**What to do:**
Return, exactly as written, the lines of the material from its top through the line with "travail à distance", keeping pictures out.
[Source material — start]
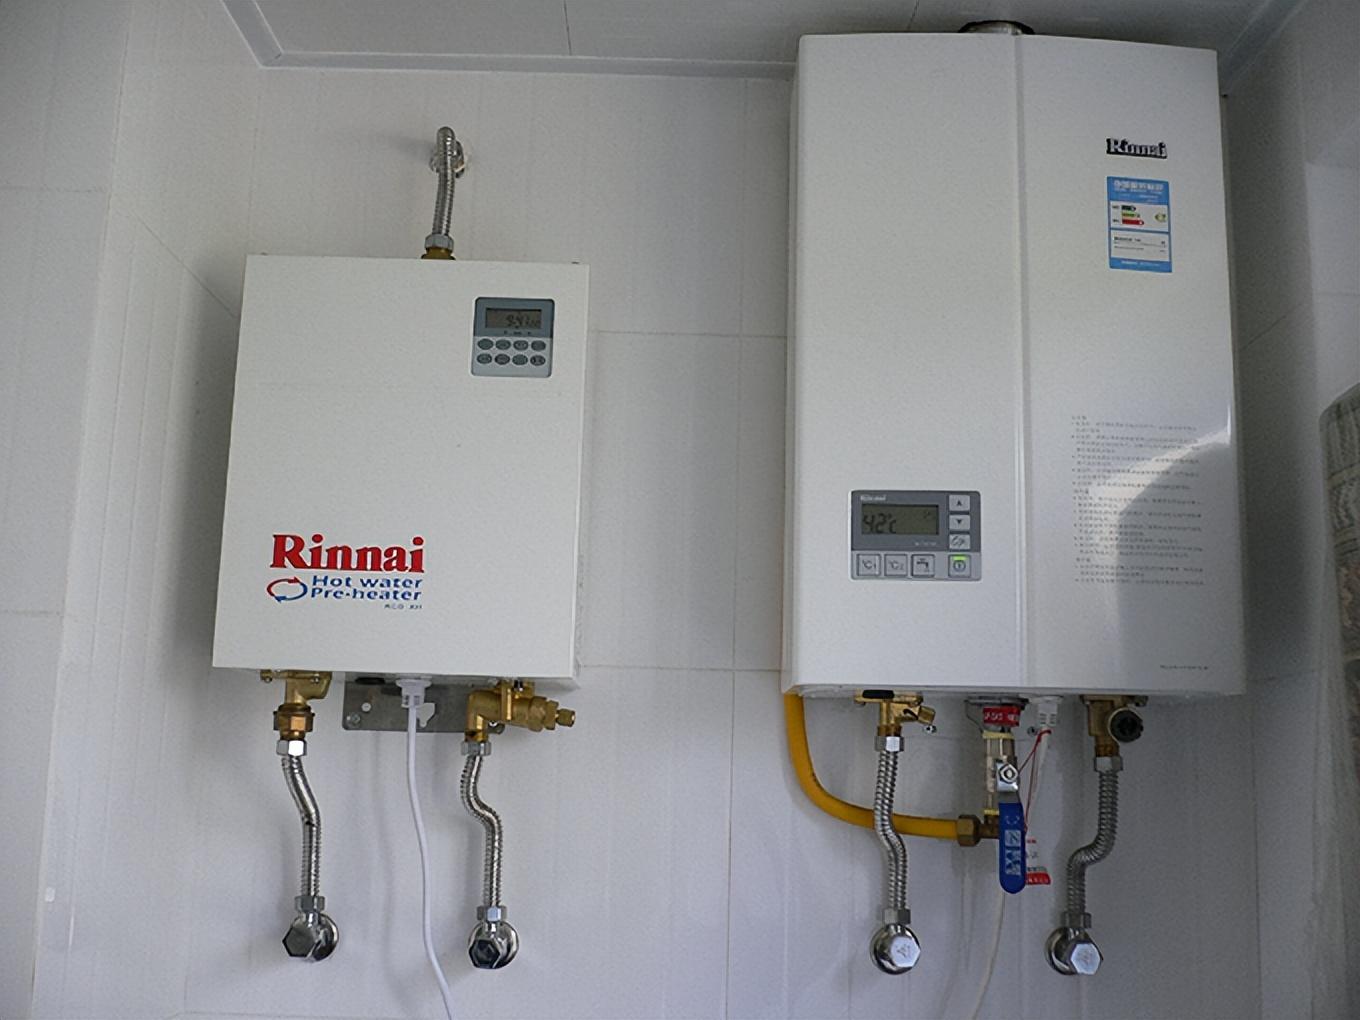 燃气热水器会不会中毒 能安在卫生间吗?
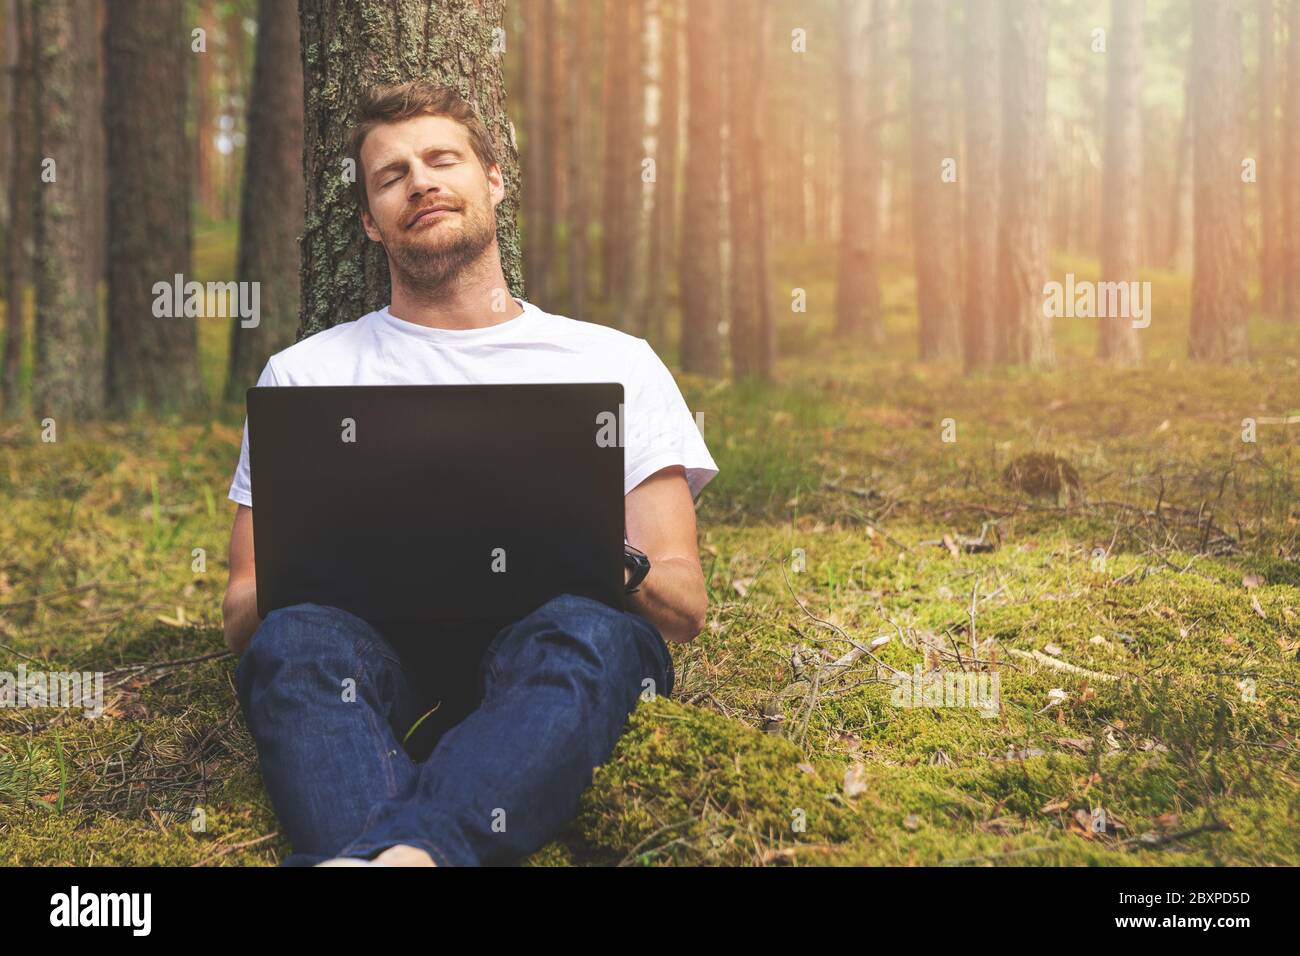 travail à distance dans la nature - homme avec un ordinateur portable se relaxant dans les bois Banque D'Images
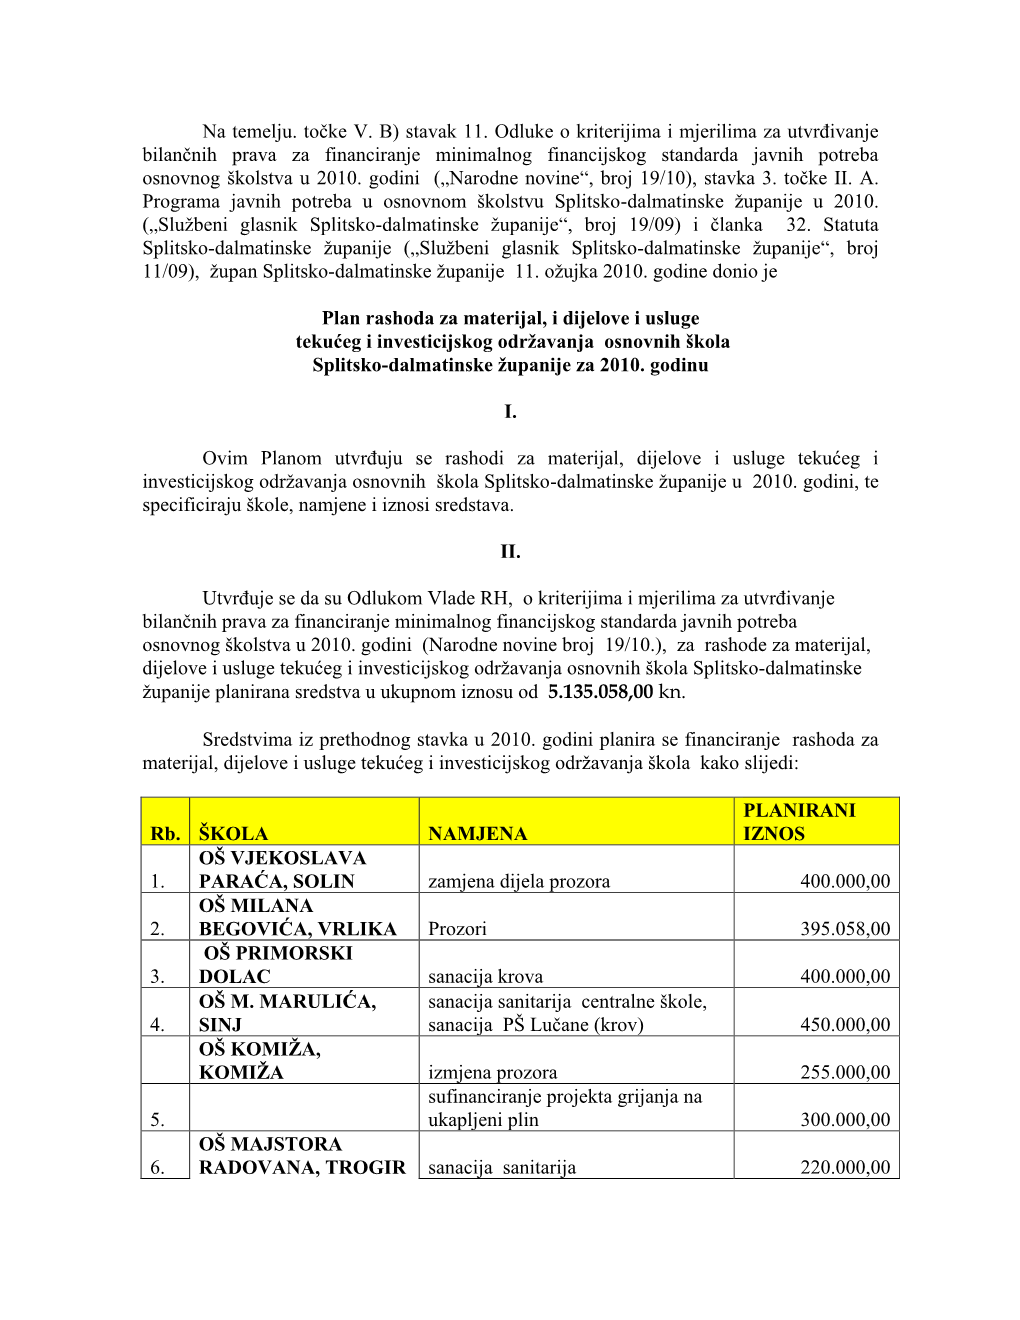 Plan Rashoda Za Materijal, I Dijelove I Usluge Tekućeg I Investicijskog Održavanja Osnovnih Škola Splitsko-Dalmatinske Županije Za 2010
[Source material — finish]
**Exercise answer:**
 燃气热水器会不会中毒 能安在卫生间吗?
 travail à distance dans la nature - homme avec un ordinateur portable se relaxant dans les bois Banque D'Images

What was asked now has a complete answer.